#### [INFORMATION]
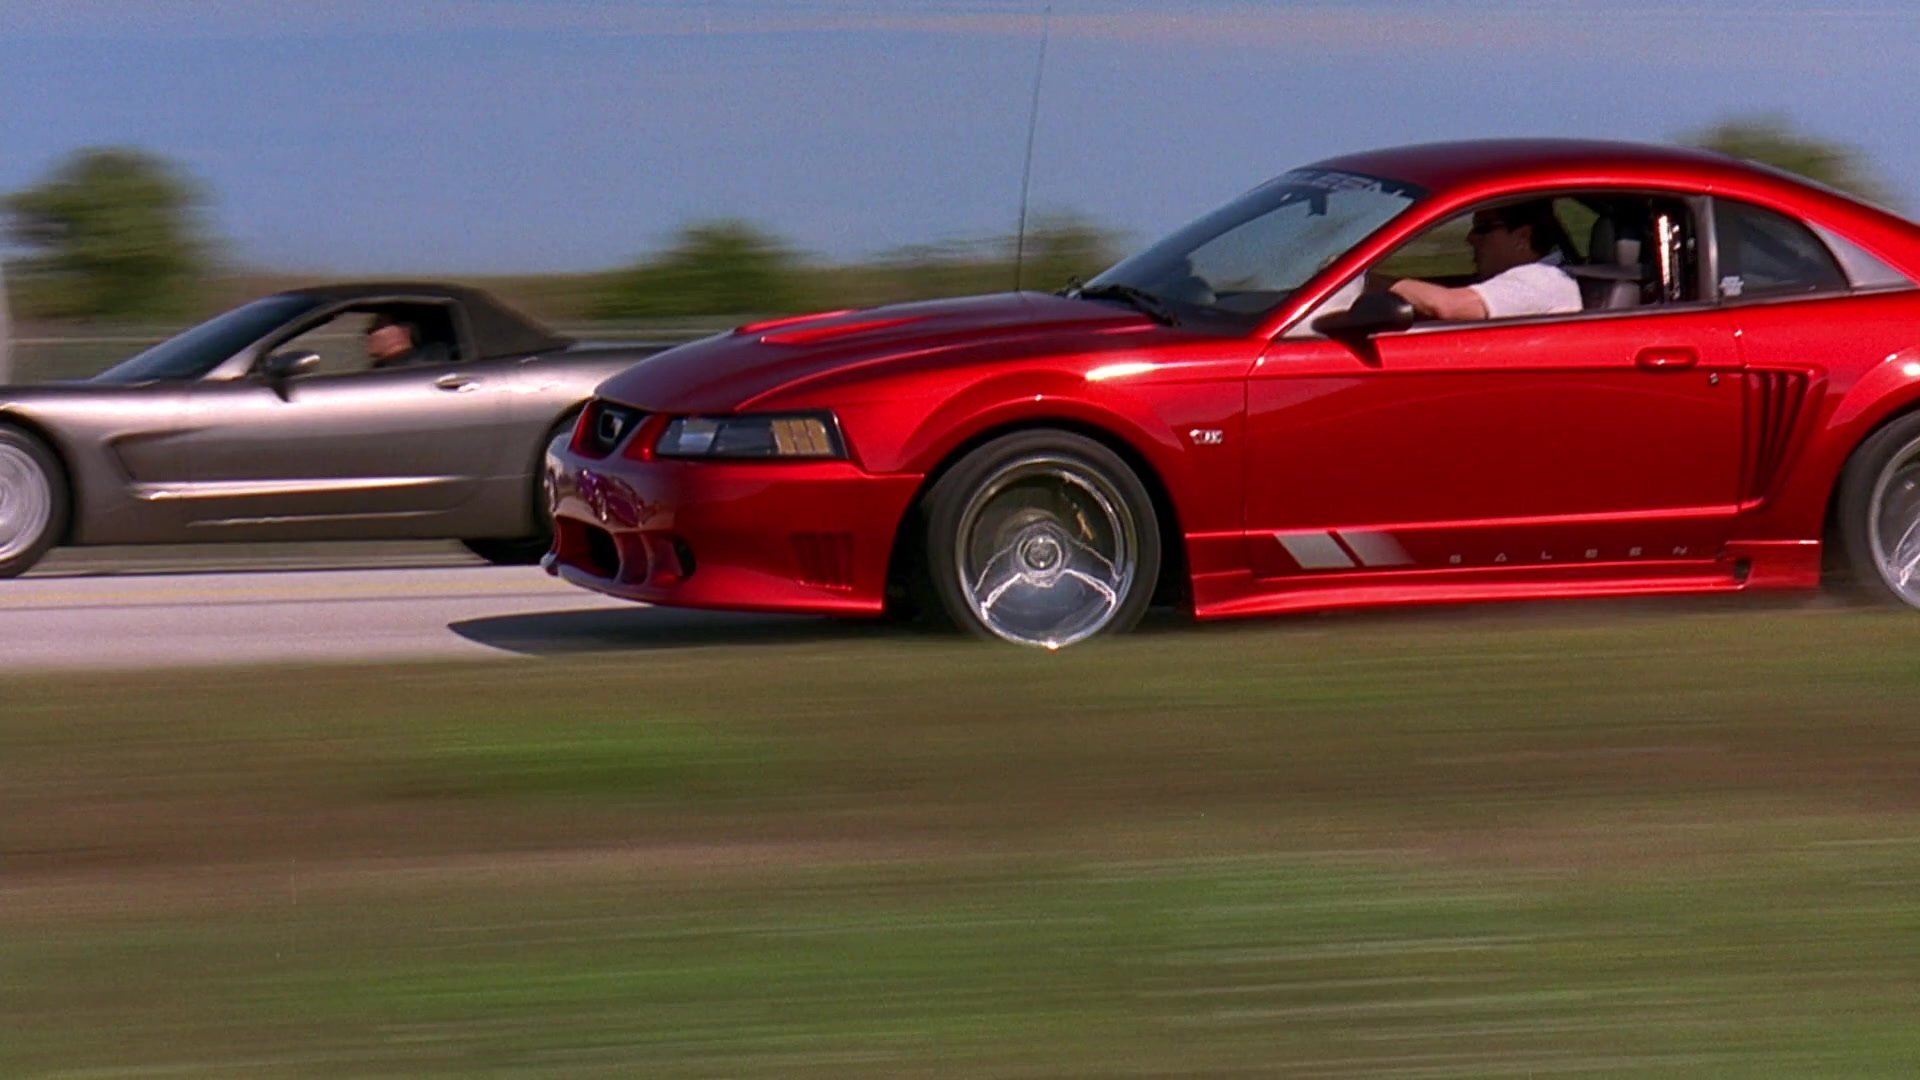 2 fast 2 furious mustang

--

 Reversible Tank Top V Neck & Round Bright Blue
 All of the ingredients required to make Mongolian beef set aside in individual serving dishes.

#### [THE TASK]
In the data above, find the line that contains "Reversible Tank Top" and the line that contains "All of the ingredients". Repeat exactly those lines and every line between them, and only those.

#### [REPLY TO THE EXERCISE]
 Reversible Tank Top V Neck & Round Bright Blue
 All of the ingredients required to make Mongolian beef set aside in individual serving dishes.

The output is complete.